Prompt -
Would you retype the listing below word for word, without any of its pictures?

Supplied information -

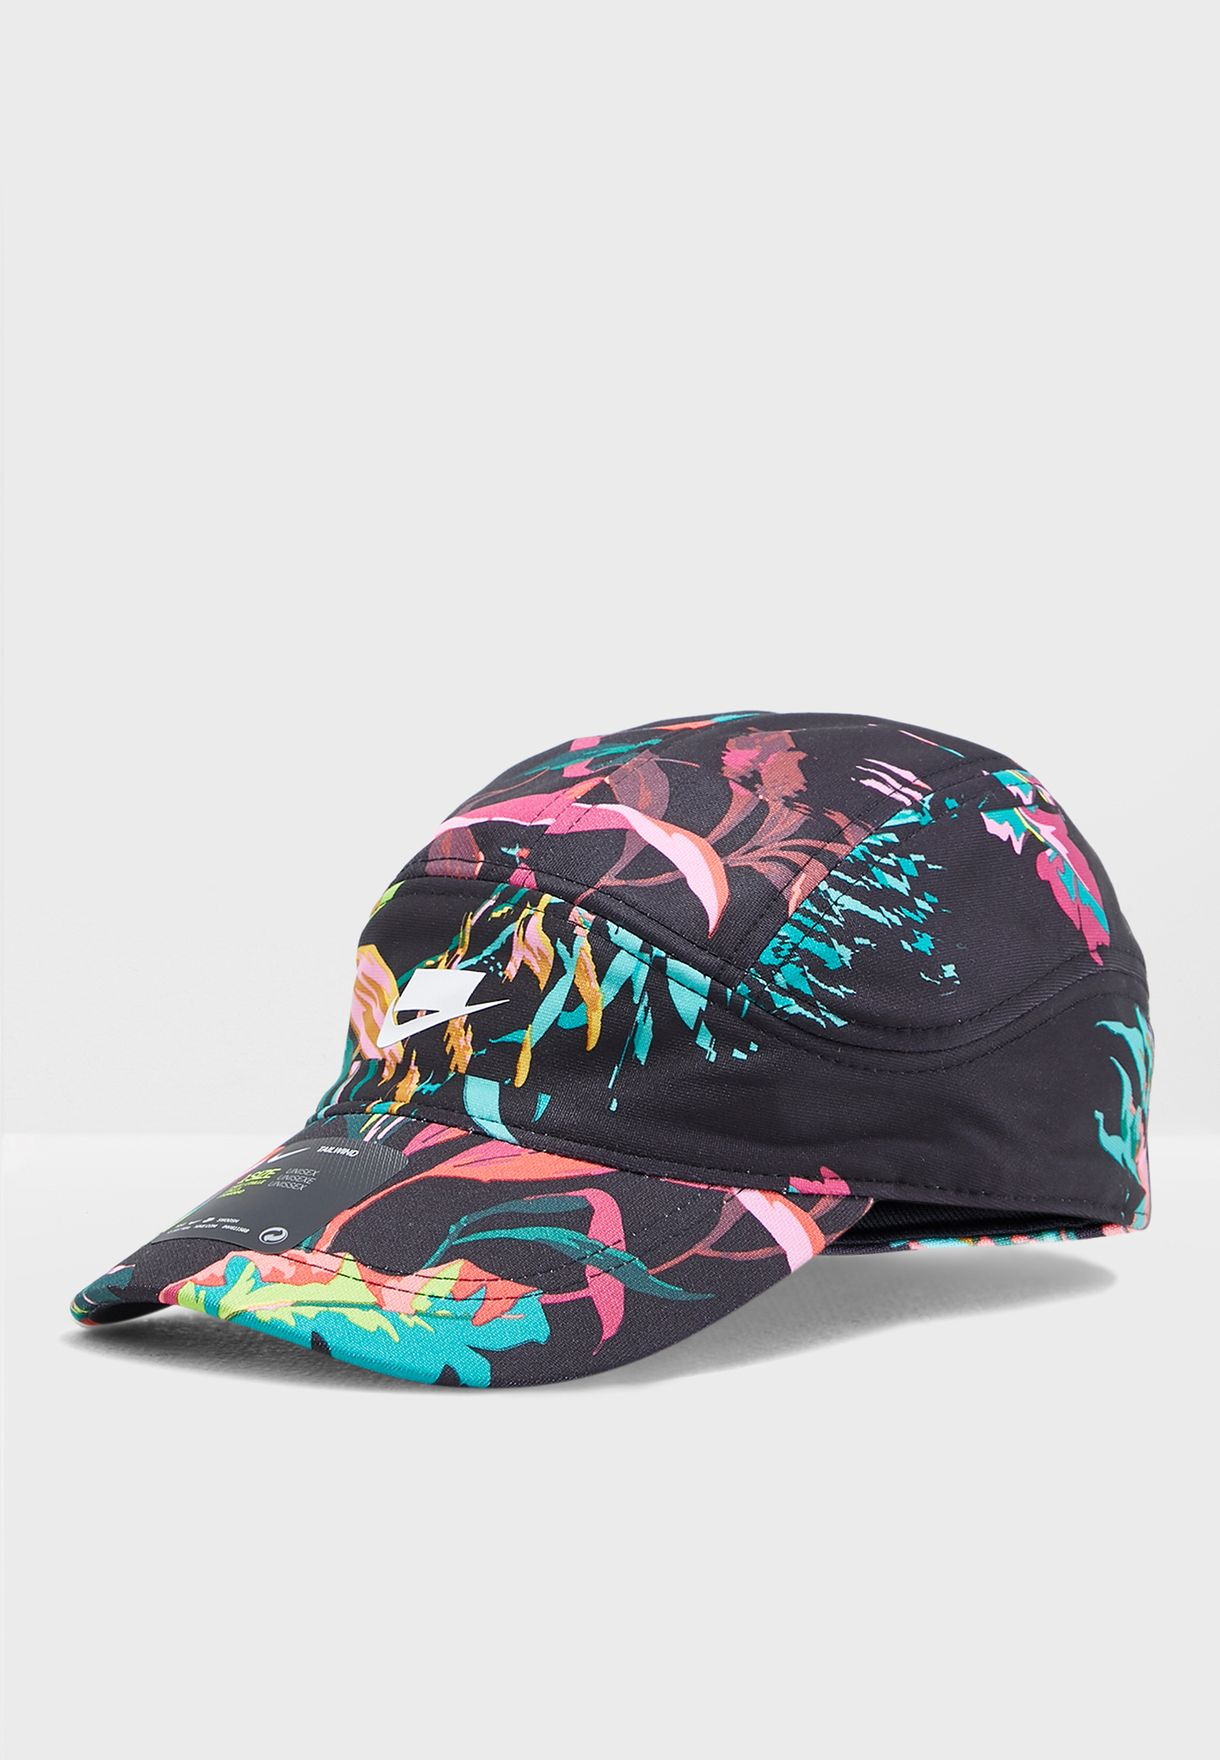 39d2f136d8864 Shop Nike prints NSW Tailwind Floral Cap AV6717-010 for Men in UAE ...
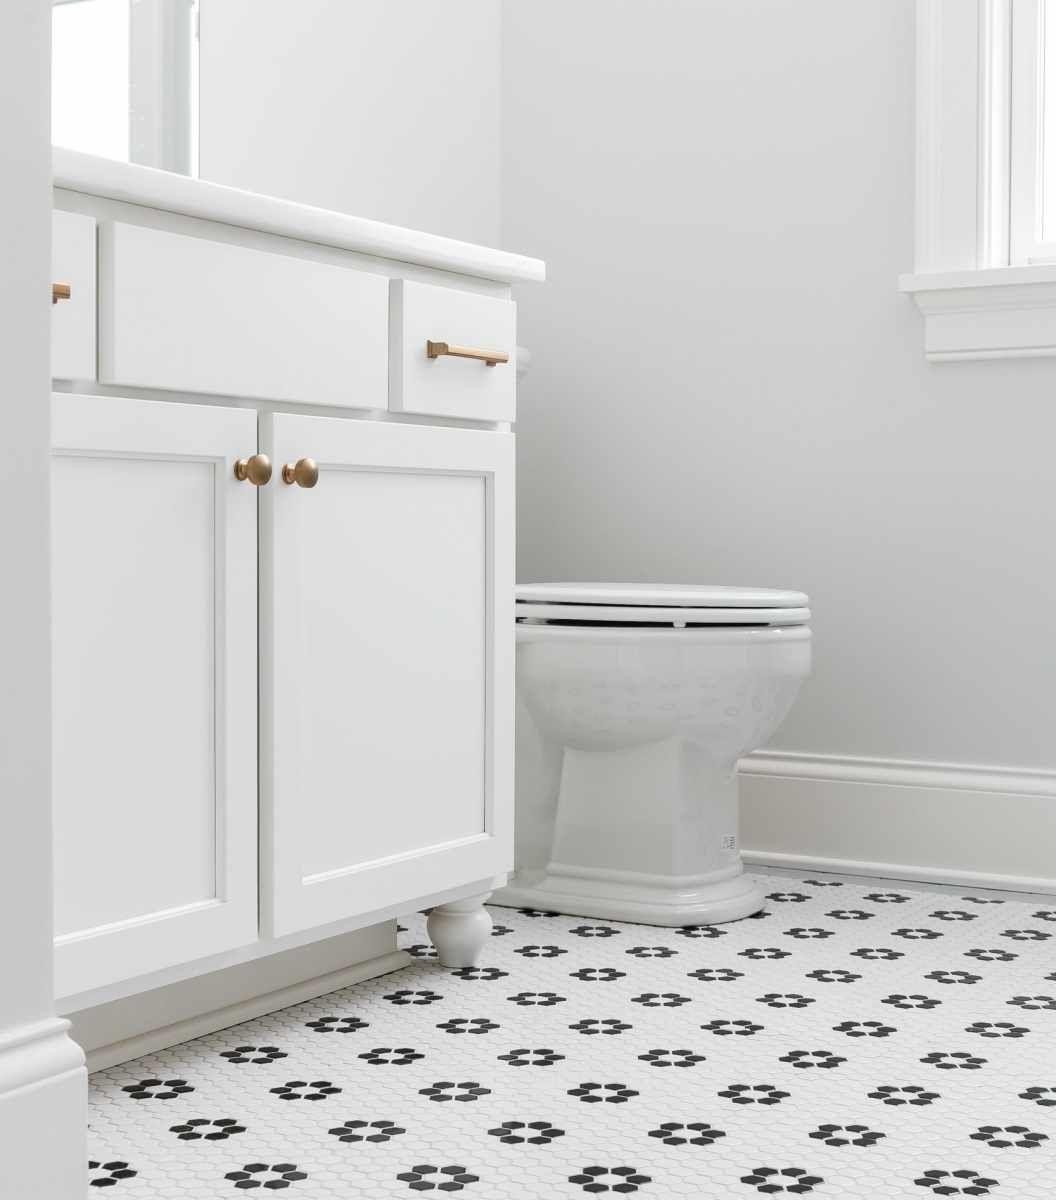 Glenview Park 7 Penny Tiles Bathroom Patterned Floor Tiles
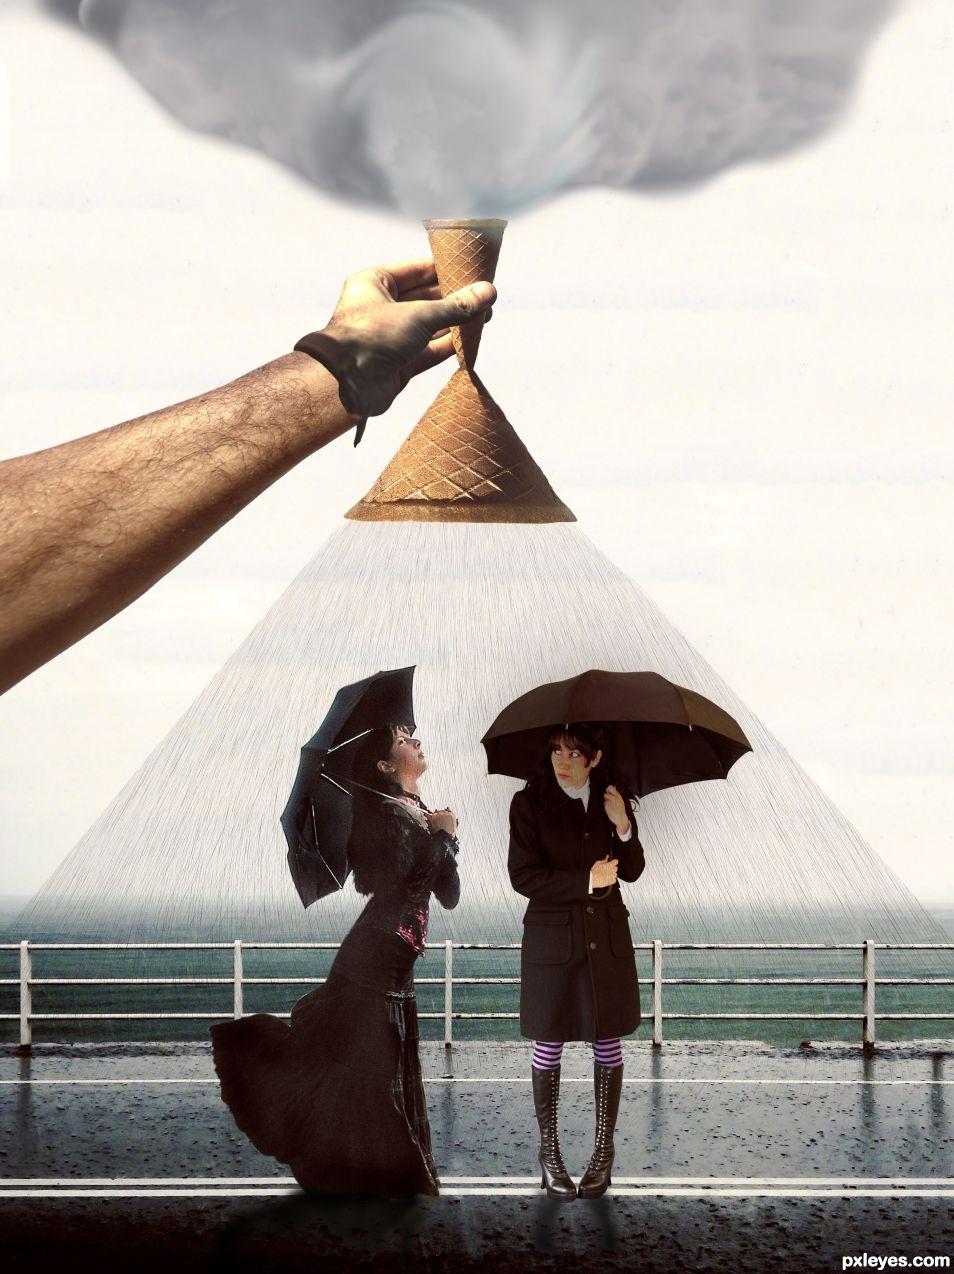 The rain-maker
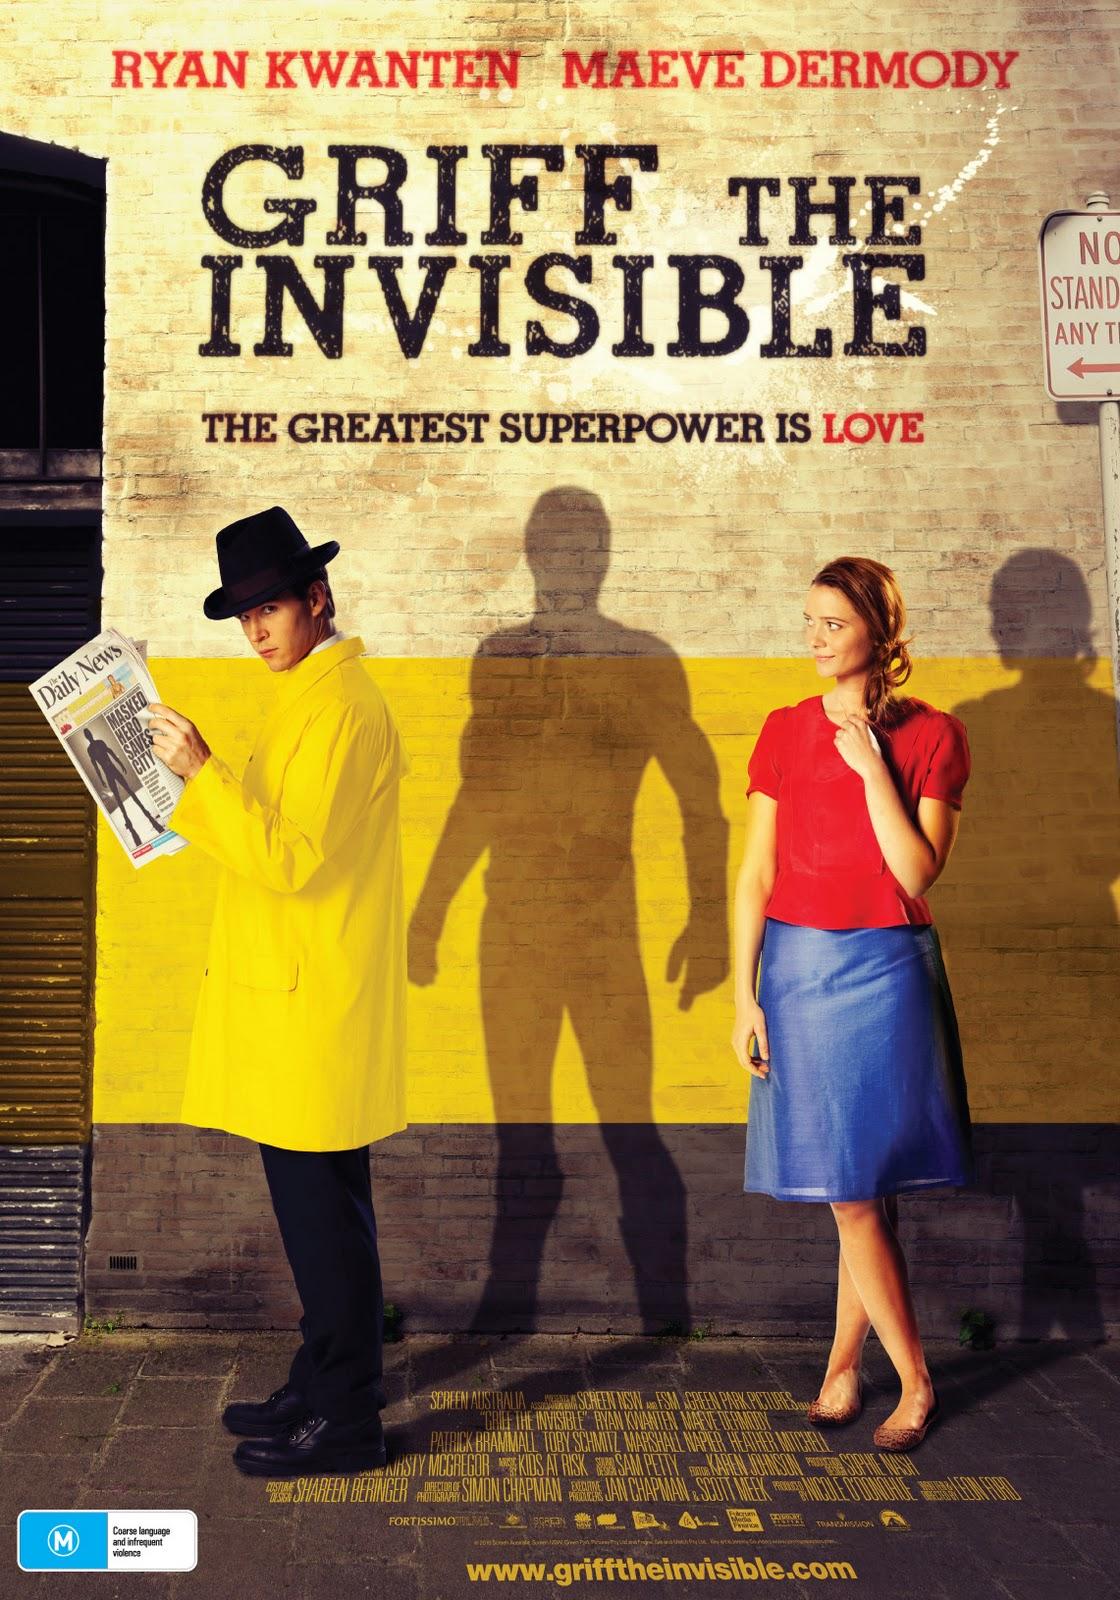 http://3.bp.blogspot.com/_90MwaSsW-IU/TUOCnkoV_CI/AAAAAAAACfA/7Y4tUbwY7_U/s1600/Griff-the-invisible_poster.jpg

Expected output -
 39d2f136d8864 Shop Nike prints NSW Tailwind Floral Cap AV6717-010 for Men in UAE ...
 Glenview Park 7 Penny Tiles Bathroom Patterned Floor Tiles
 The rain-maker
 http://3.bp.blogspot.com/_90MwaSsW-IU/TUOCnkoV_CI/AAAAAAAACfA/7Y4tUbwY7_U/s1600/Griff-the-invisible_poster.jpg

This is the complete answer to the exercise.